The BPP decision is sequel to the court order halting further construction work on the road project pending the determination of the matter before the court brought by Messrs. Madona construction limited, Benin. Investigations show that it was the firm of Meaars. Madona construction limited, Benin city, which the BPP granted the NDDC a due process certificate of ‘’No objection’’ for the award of the contract for the construction of the road in the total sum of N2,979,175,643/06, ‘’with a completion period of 18 months, being the lowest evaluated responsive bidder.’’
The BPP also advised the NDDC to ask the contractor to submit a performance bond as a precondition to the contract award, in a decision signed by Messrs. Emeka Ezeh, the Director-general of BPP and five others after sighting such documents as the advertisement for the job, the 2009 appropriation bill, the checklist for project procurement review, bidders bill of quantities, financial bid records, attendance of pre-qualification exercise by contractors, tender evaluation report and drawings.

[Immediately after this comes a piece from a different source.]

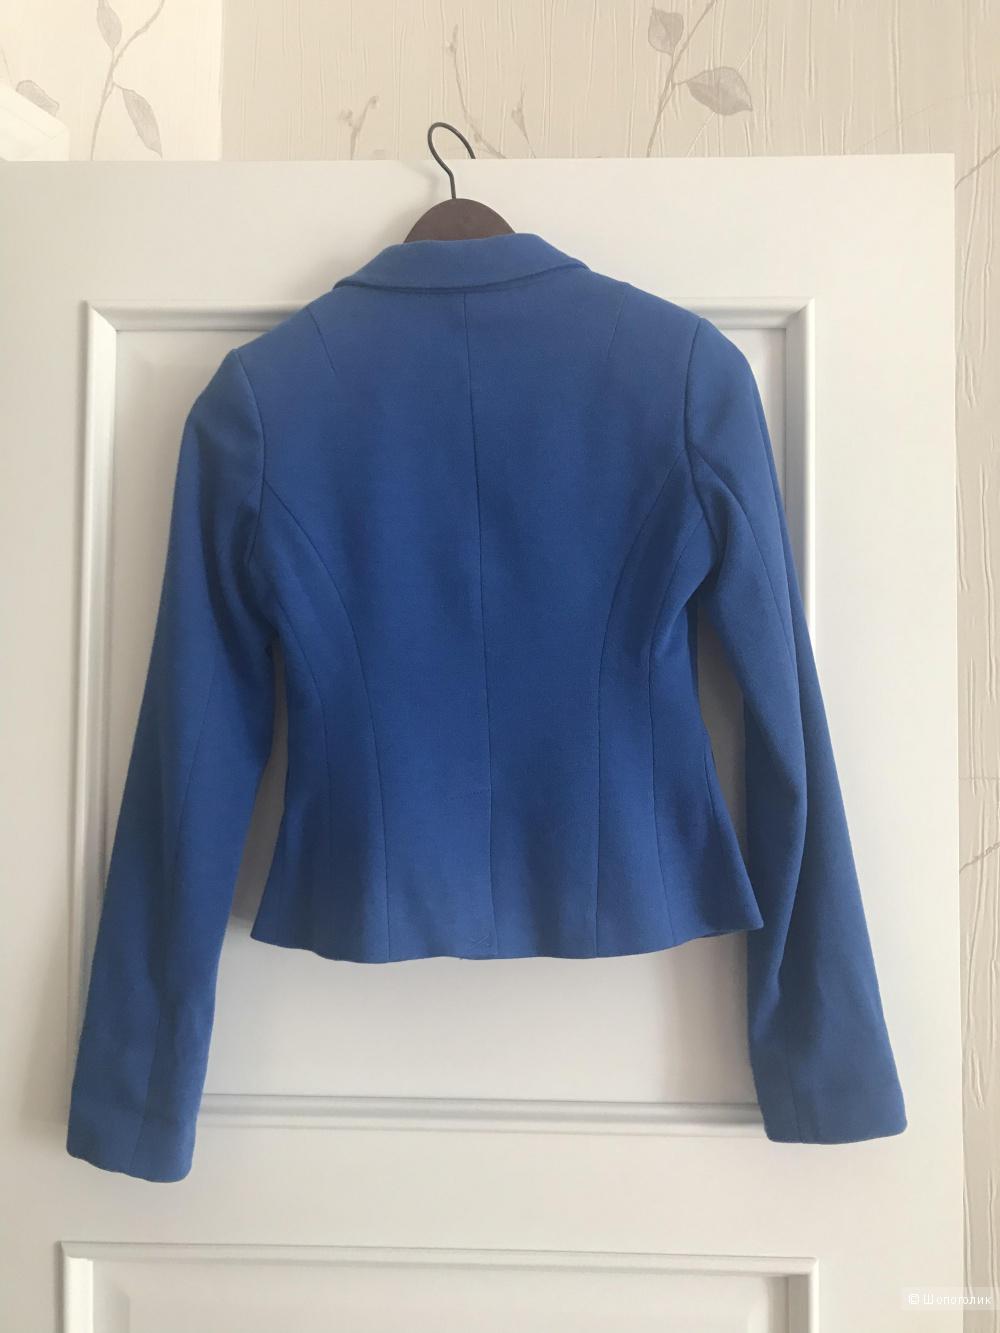 Пиджак Pimkie, размер XS

It was gathered that Messrs. Caesars Engineering and Construction limited tendered sum for construction of the road, was found by the BPP to be wrong and the BPP corrected same bringing the total to N4.7billion.
Source said at the time the NDDC asked the BPP for a due process certificate of ‘’No objection ‘’ for the Obozogwe Niro-Ikumweke-Idunwebo-Iguobodo-Abudu Road in Orhiomnwon Local council area of Edo state, it also did so for such other roads across the state such as the 12.1km Oben-Umogun and the Ulohor/ Ogba link road and bridges.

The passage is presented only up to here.